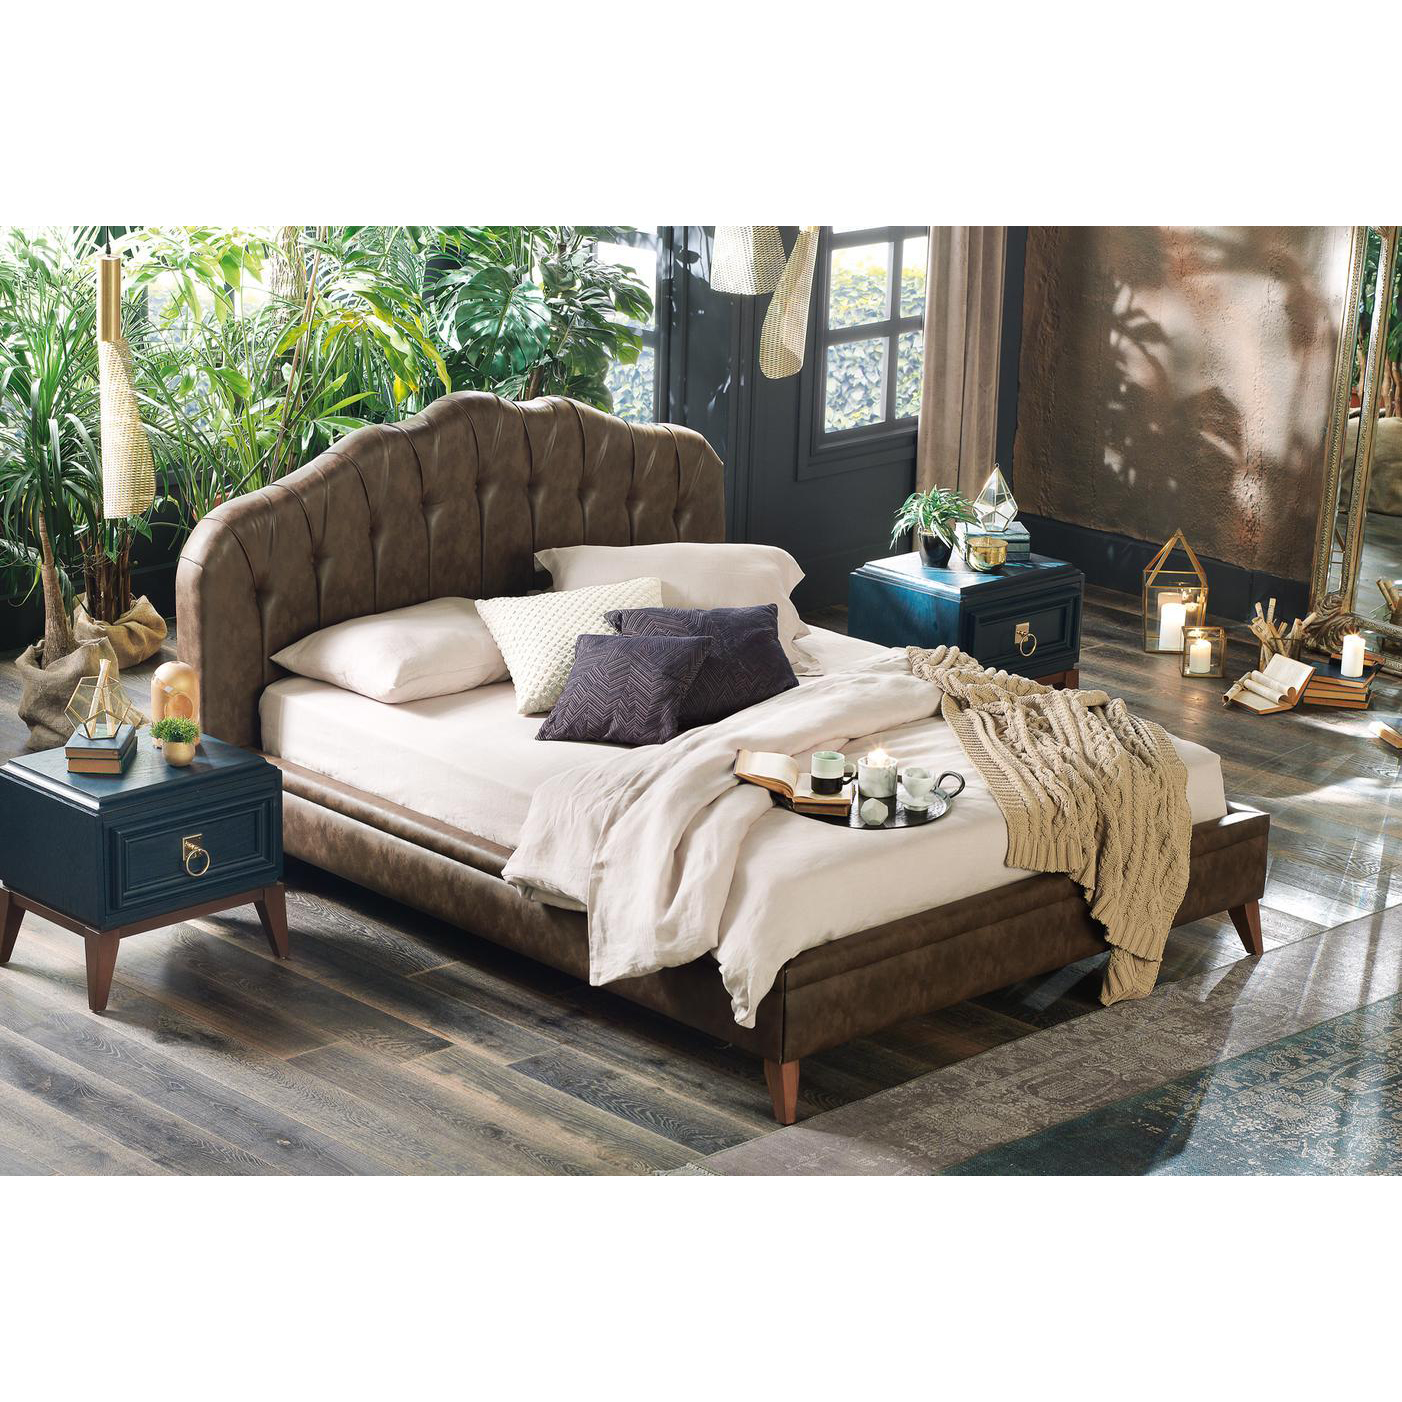 Кровать Enza Home Elegante,180х200, с подъёмным механизмом, цвет коричневый 308 (EH59508)EH59508
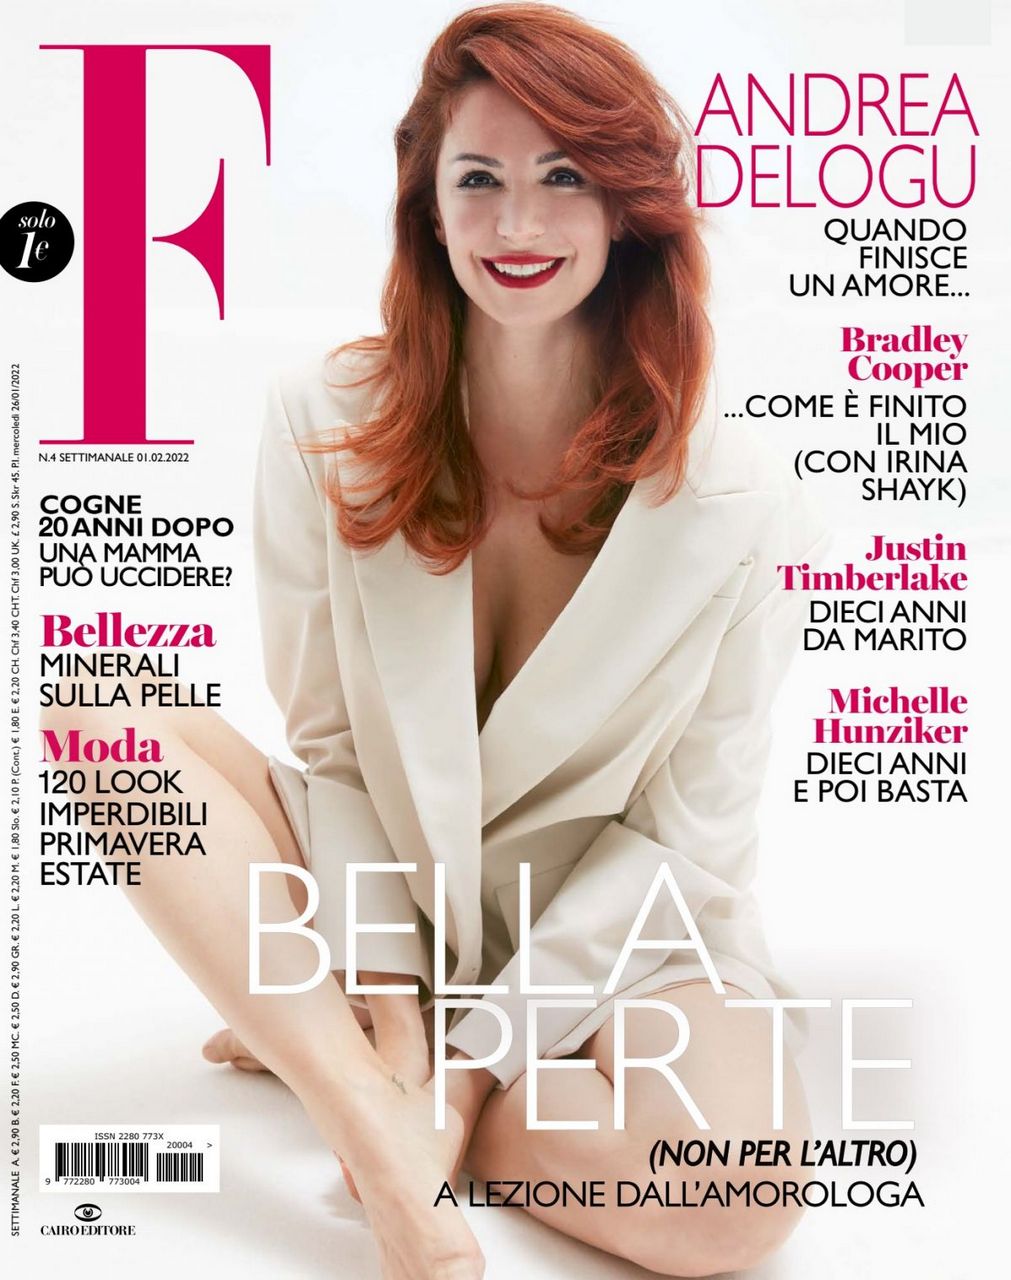 Andrea Delogu For F Magazine February
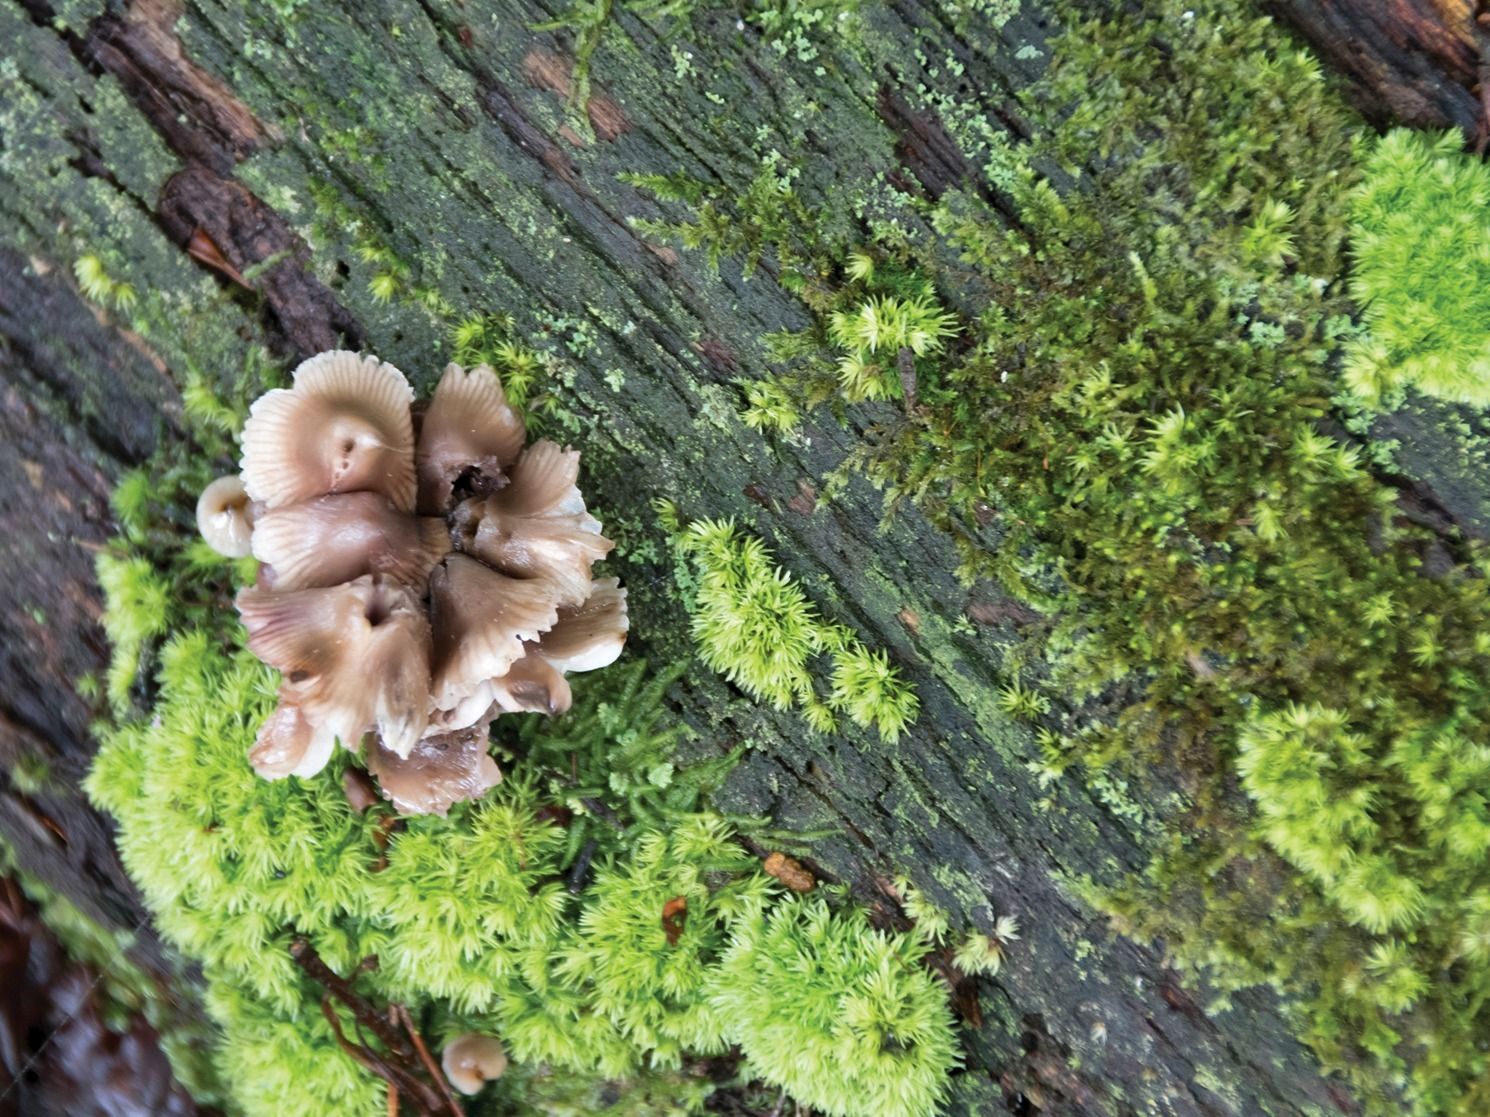 Fungi on tree bark with moss
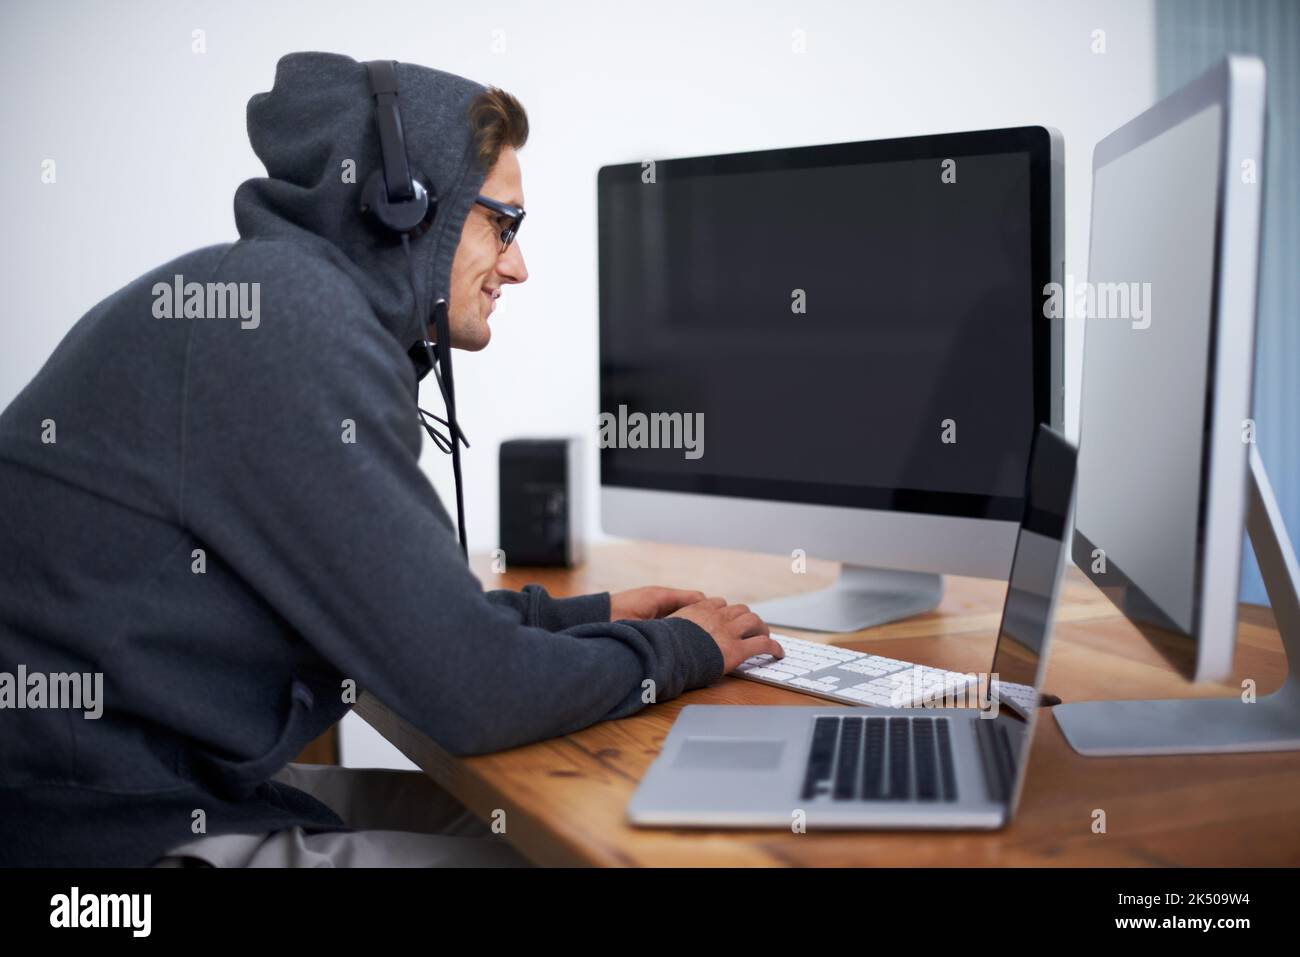 Nichts anderes als seine Arbeit ist in seinem Kopf. Ein junger Hacker, der auf zwei Bildschirmen und einem Laptop mit Hoodie arbeitet. Stockfoto

━━━━━━━━

WORK TO COMPLETE:
Skip the pictures, then retype every line above exactly.

SOLVED EXERCISE:
 Кровать Enza Home Elegante,180х200, с подъёмным механизмом, цвет коричневый 308 (EH59508)EH59508
 Andrea Delogu For F Magazine February
 Fungi on tree bark with moss
 Nichts anderes als seine Arbeit ist in seinem Kopf. Ein junger Hacker, der auf zwei Bildschirmen und einem Laptop mit Hoodie arbeitet. Stockfoto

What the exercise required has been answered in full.